§ Supplied material:
══════

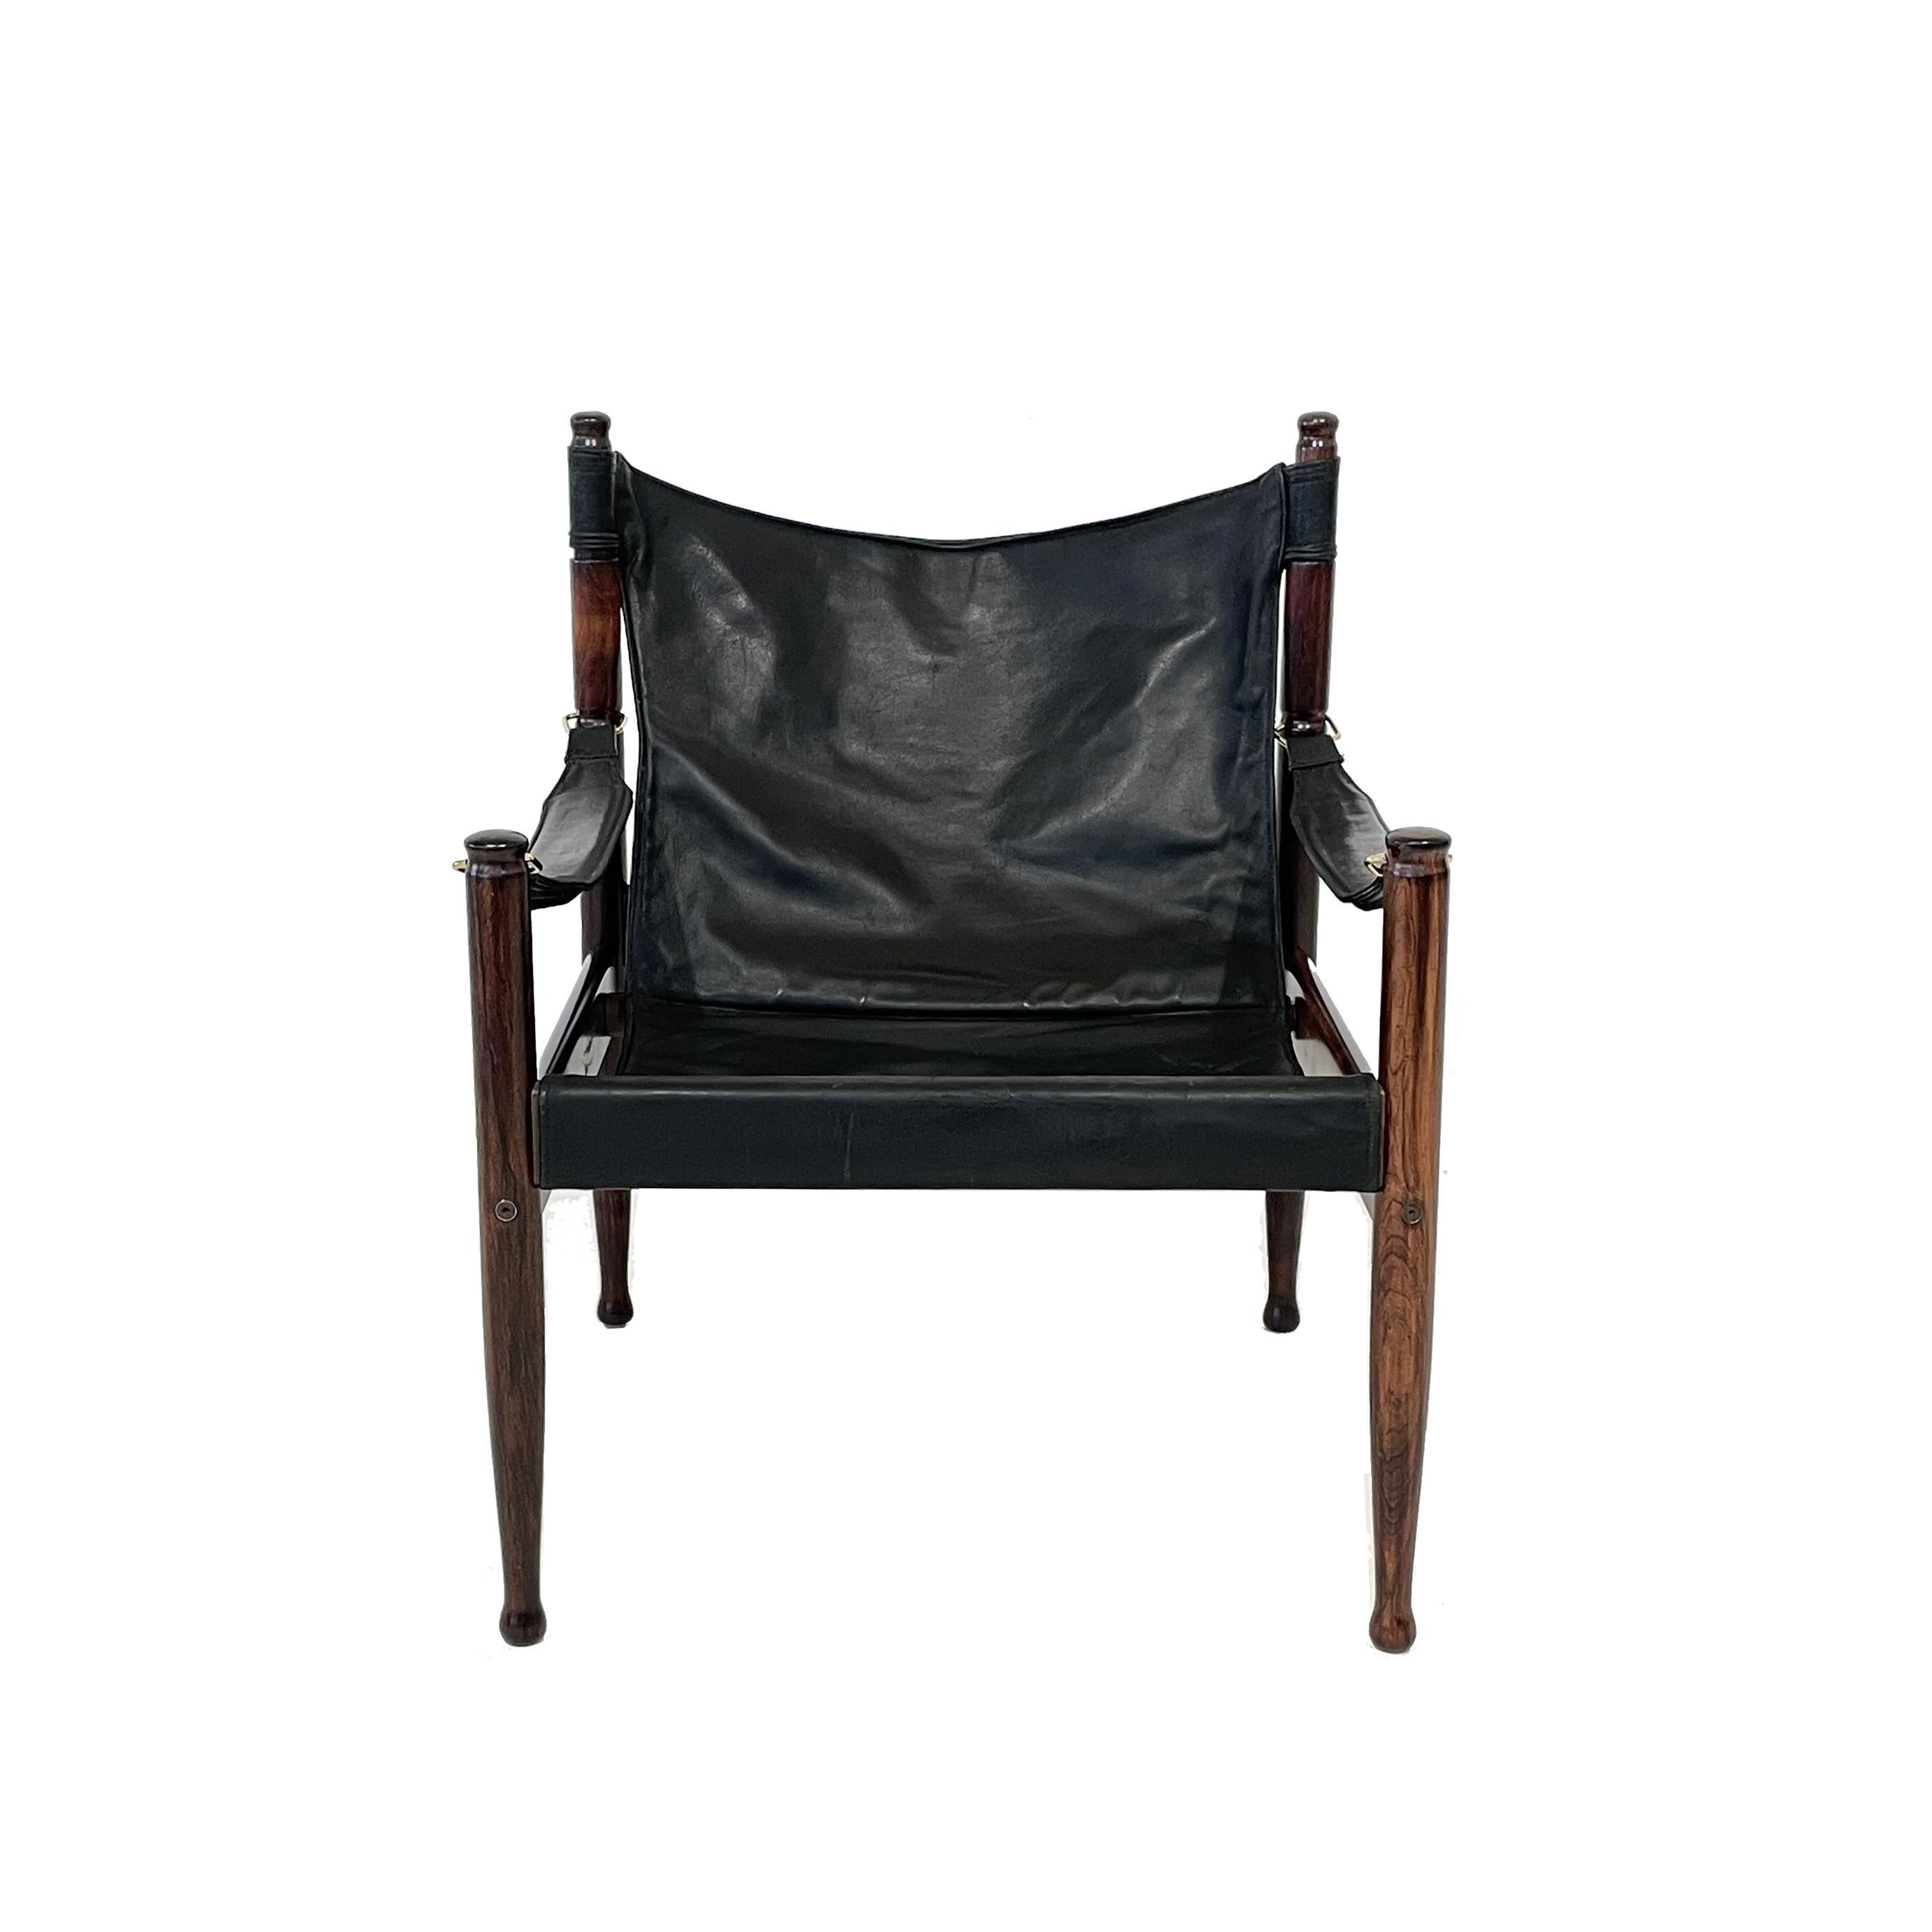 Safari lounge chair designed by Erik Worts for Niels Eilersen, Denmark, 1960. Made of solid rosewood and leather seat with brass details. Very nice patinated leather seat but still in good vintage condition. 

Stamped below

The chair is in good

══════

§ To do:
Your answer must be an exact copy of the data above, minus its pictures.

§ Solution to this task:
 Safari lounge chair designed by Erik Worts for Niels Eilersen, Denmark, 1960. Made of solid rosewood and leather seat with brass details. Very nice patinated leather seat but still in good vintage condition. 

Stamped below

The chair is in good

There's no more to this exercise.